What you will do:
In the data below, begin at the line with "Jennitanuwijaya Beauty| Fashion" and stop after the line with "Tercer encuentro malagueño"; output those lines exactly and no pictures.

Data for the task:
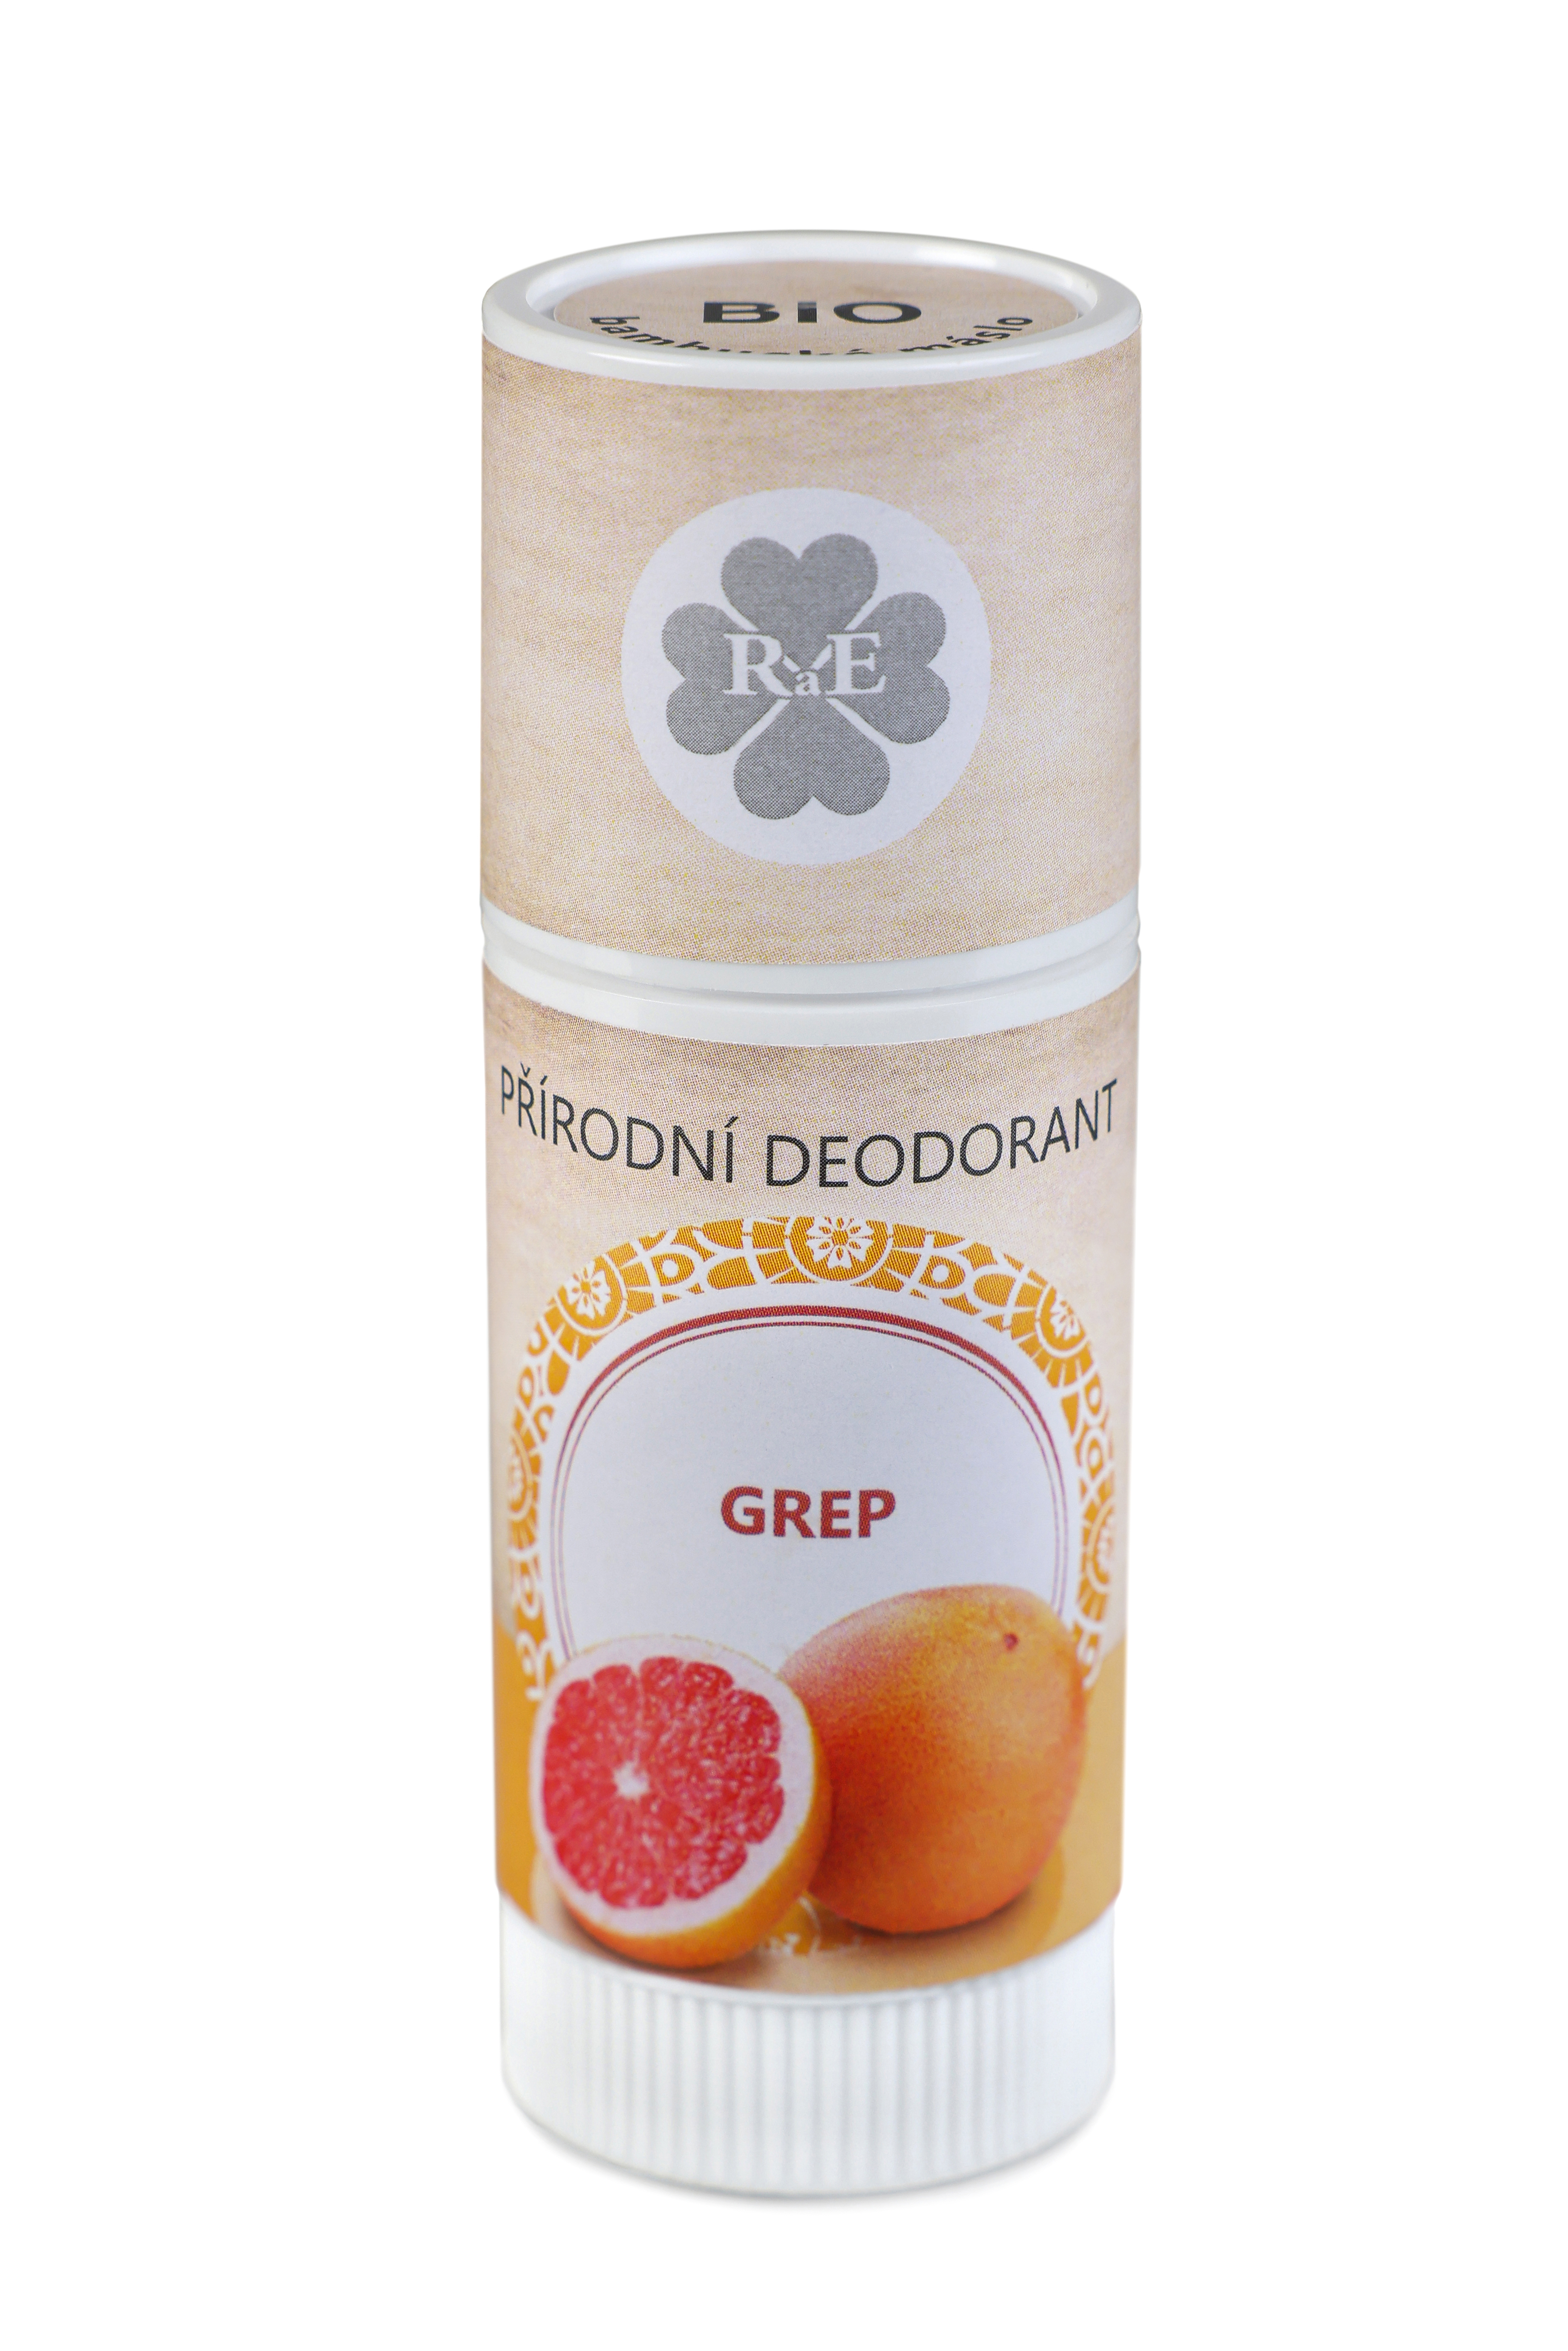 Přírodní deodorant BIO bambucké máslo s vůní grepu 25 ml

---

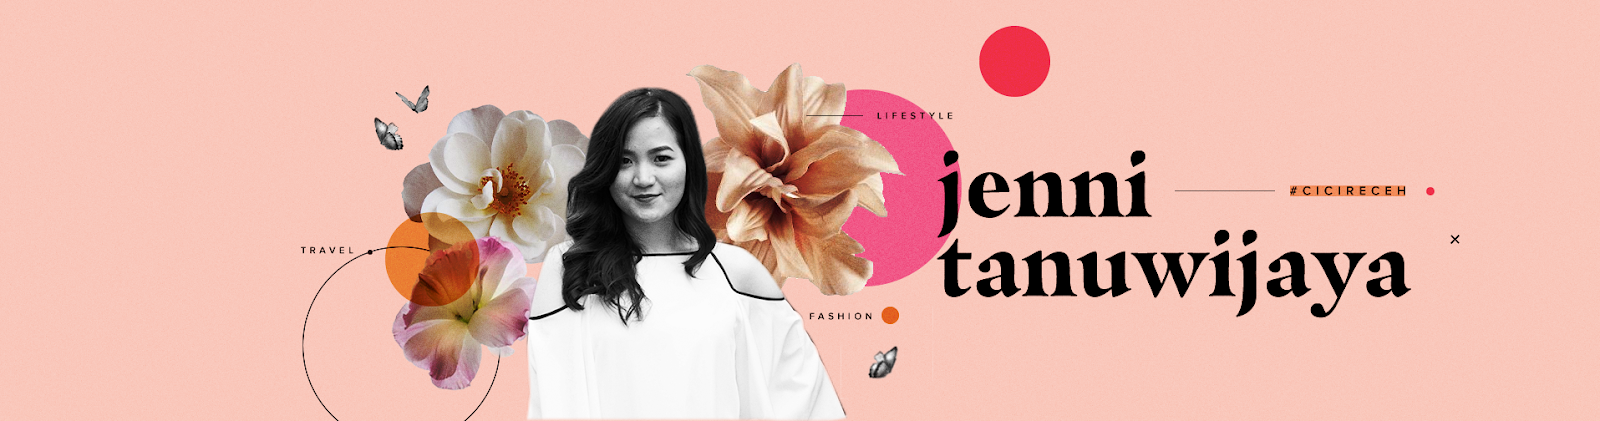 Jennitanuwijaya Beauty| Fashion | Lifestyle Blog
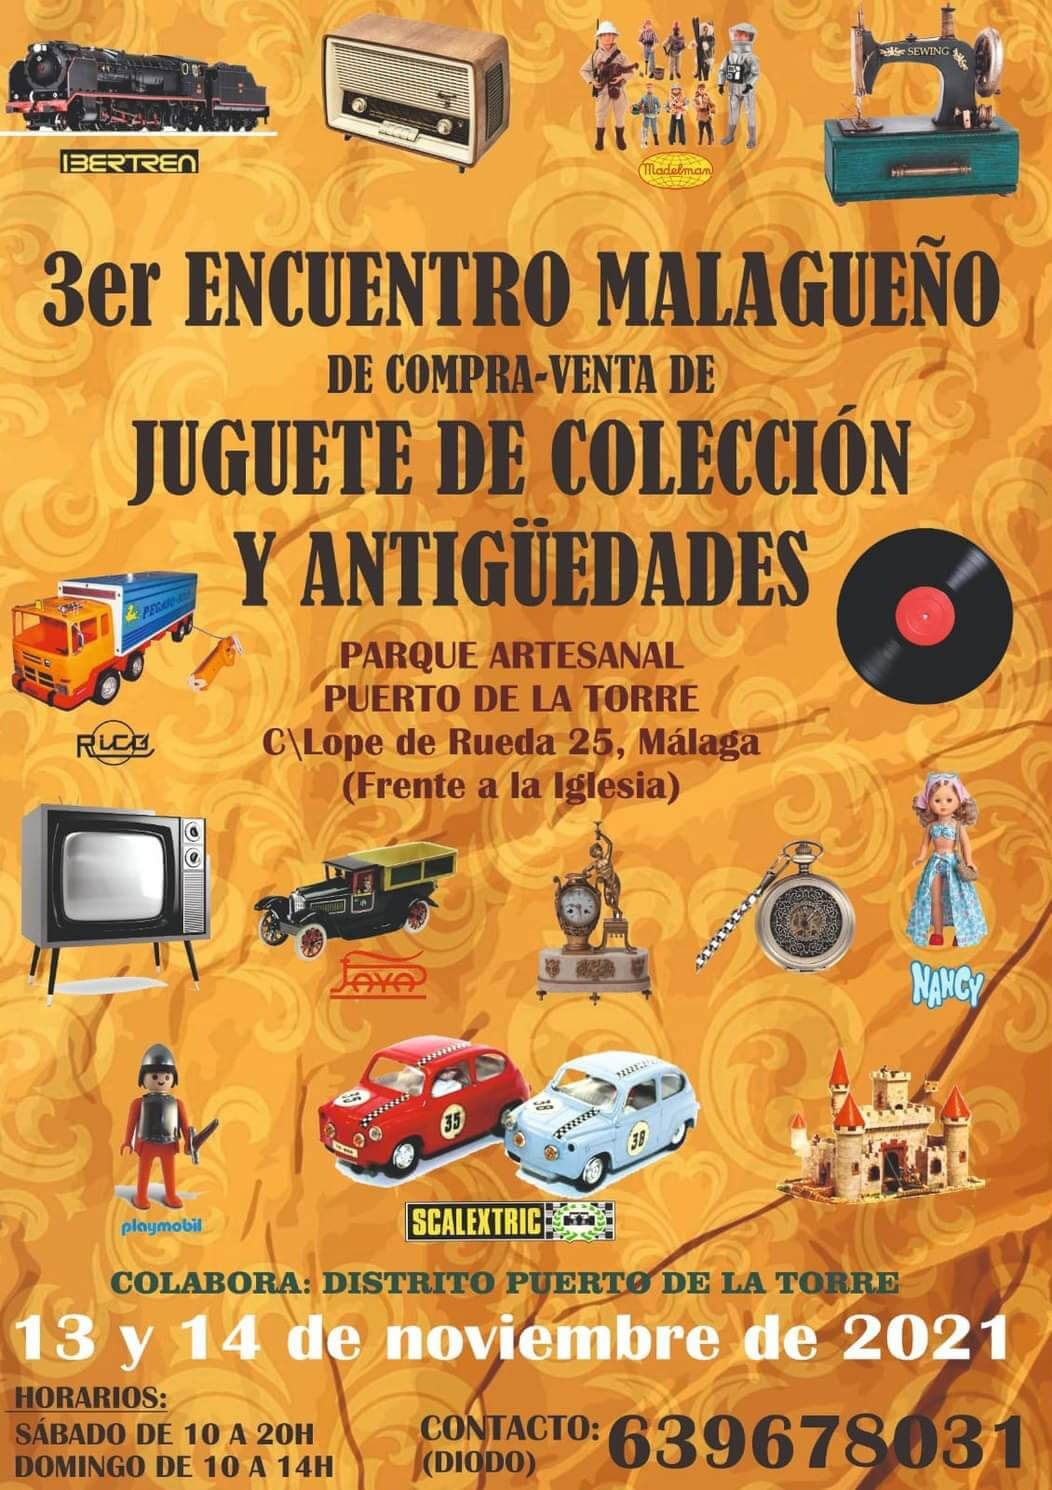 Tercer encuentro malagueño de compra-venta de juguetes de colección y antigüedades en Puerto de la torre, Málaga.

Worked solution:
 Jennitanuwijaya Beauty| Fashion | Lifestyle Blog
 Tercer encuentro malagueño de compra-venta de juguetes de colección y antigüedades en Puerto de la torre, Málaga.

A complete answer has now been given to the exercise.